Since the thickness is less than m, the plating processing time is 1/3 of the conventional
Can be shortened to 1/10, the plating capacity can be improved,
It is possible to reduce the plating material (cost reduction) and improve the production capacity.

(3) Fail the Ni peeling test (N
G) no longer occurs.

(4) The peel strength was improved from the measurement result of the peel strength (the NG lot in the tape test was eliminated).

The present invention is not limited to the above embodiment,
Various modifications can be made without departing from the spirit of the invention.

[0047]

According to the invention described in claim 1 described in detail above, the thickness of the first electrode is reduced to 0.2 to 0.7 .mu.m, and the PTC thermistor element is baked when the second electrode is baked. Water such as Ni plating solution that has penetrated into the body is easily released to the outside, and the occurrence of craters on the electrode surface is reduced, so good ohmic contact between the element body and the electrode can be obtained, and the yield in appearance is improved. It is possible to provide a PTC thermistor capable of achieving the above.

According to the second aspect of the invention, the pass rate of ohmic property is improved by the heat treatment at 500 ° C. or less.

According to the third aspect of the invention, the low contact resistance metal contains any one of Ag, Sn and solder as a main component, and therefore, the same effect as that of the first or second aspect can be obtained. Play.

[Brief description of drawings]

FIG. 1 is a sectional view showing an embodiment of a PTC thermistor of the present invention.

FIG. 2 is a process drawing showing a method of forming one electrode of a PTC thermistor of the present invention.
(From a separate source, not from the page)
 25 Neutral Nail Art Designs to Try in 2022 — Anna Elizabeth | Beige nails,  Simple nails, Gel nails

FIG. 3 is a diagram showing a sealing effect of a Ni coating film.

FIG. 4 is a diagram showing a sealing effect of a Ni coating.
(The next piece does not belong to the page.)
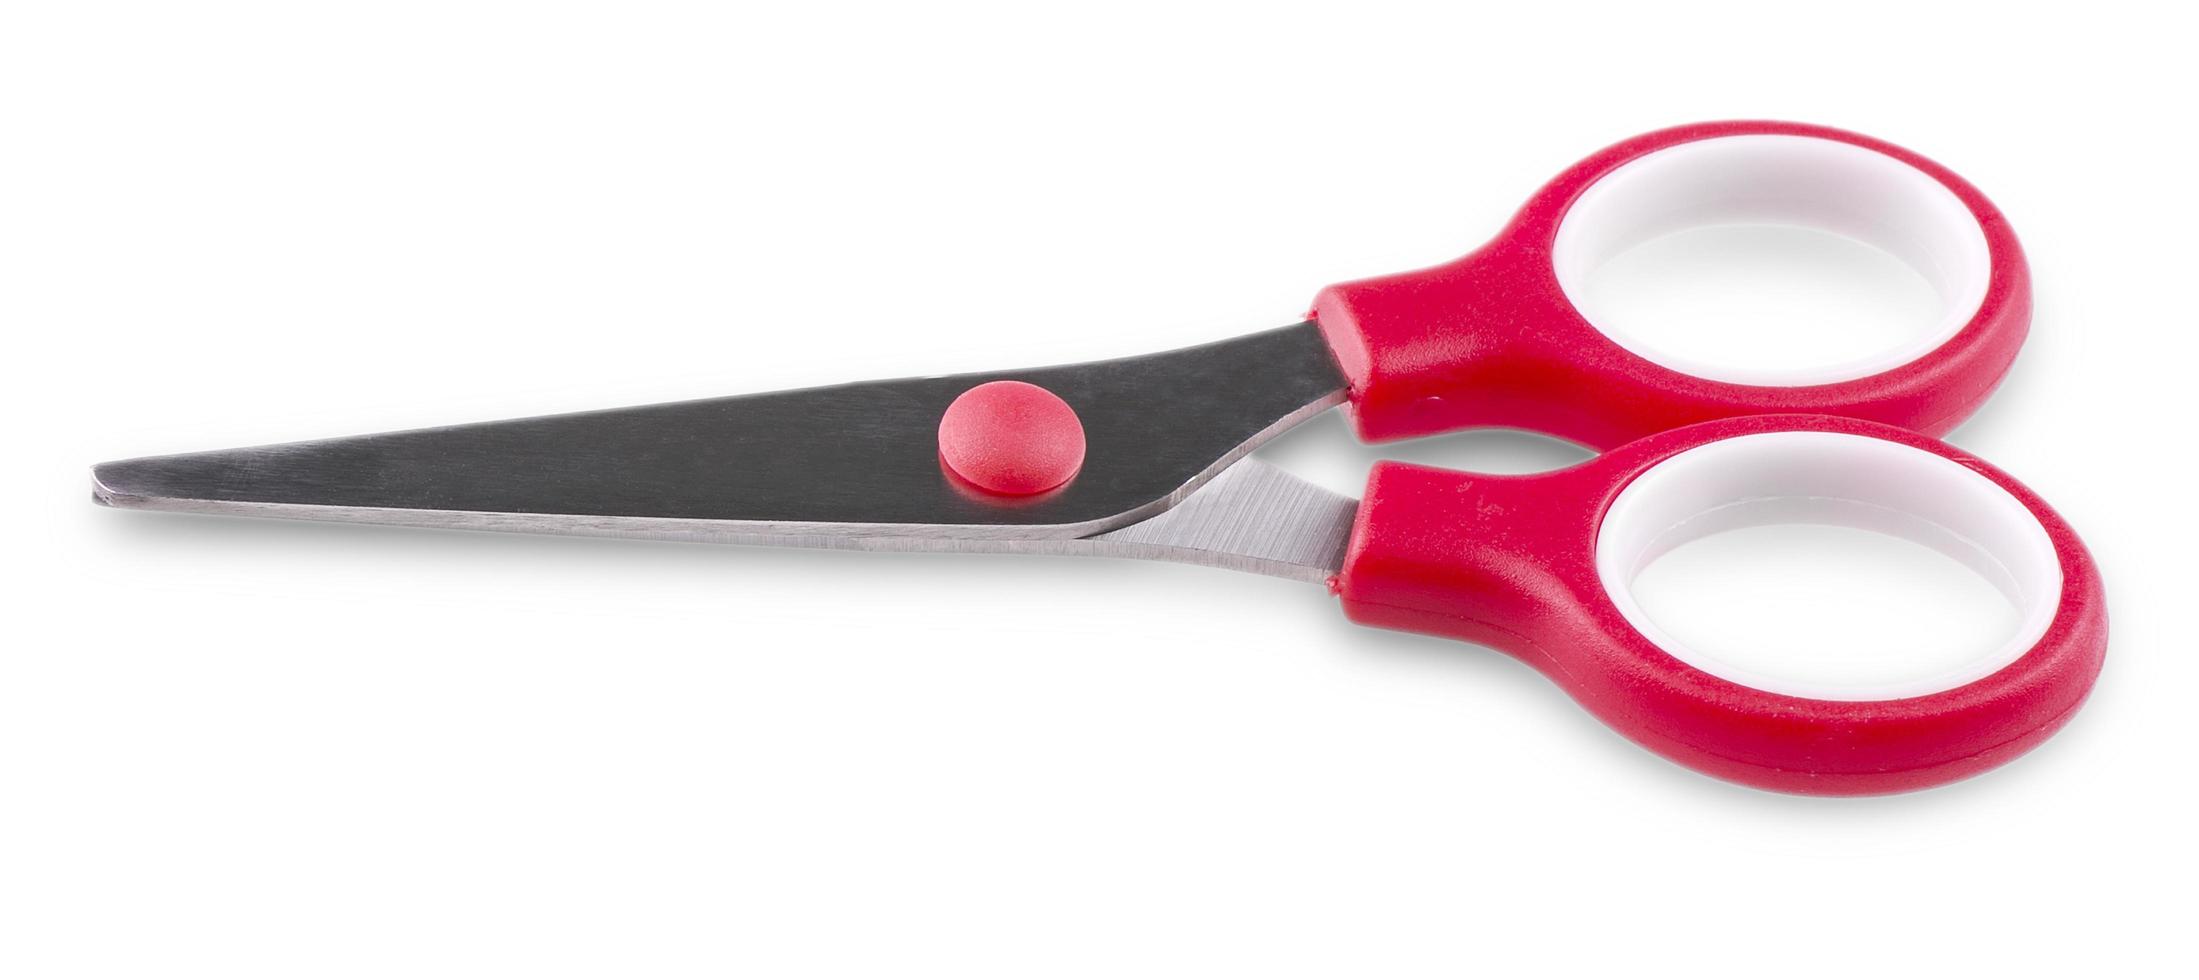 Red scissors isolated on a white background photo

FIG. 5 is a diagram showing a sealing effect of a Ni coating film.

[Explanation of symbols]

 1 PTC thermistor body 2 electrode 2a first electrode 2b second electrode

Claims (3)

[Claims] 1. A PTC thermistor body is provided with a first electrode of Ni plating having a thickness of 0.2 to 0.7 μm,
A PTC thermistor characterized in that a second electrode containing a low contact resistance metal as a main component is formed on the first electrode. 2. The PTC thermistor according to claim 1, wherein the low contact resistance metal is obtained by a heat treatment at 500 ° C. or less. 3. The PTC thermistor according to claim 1, wherein the low contact resistance metal contains any one of Ag, Sn, and solder as a main component.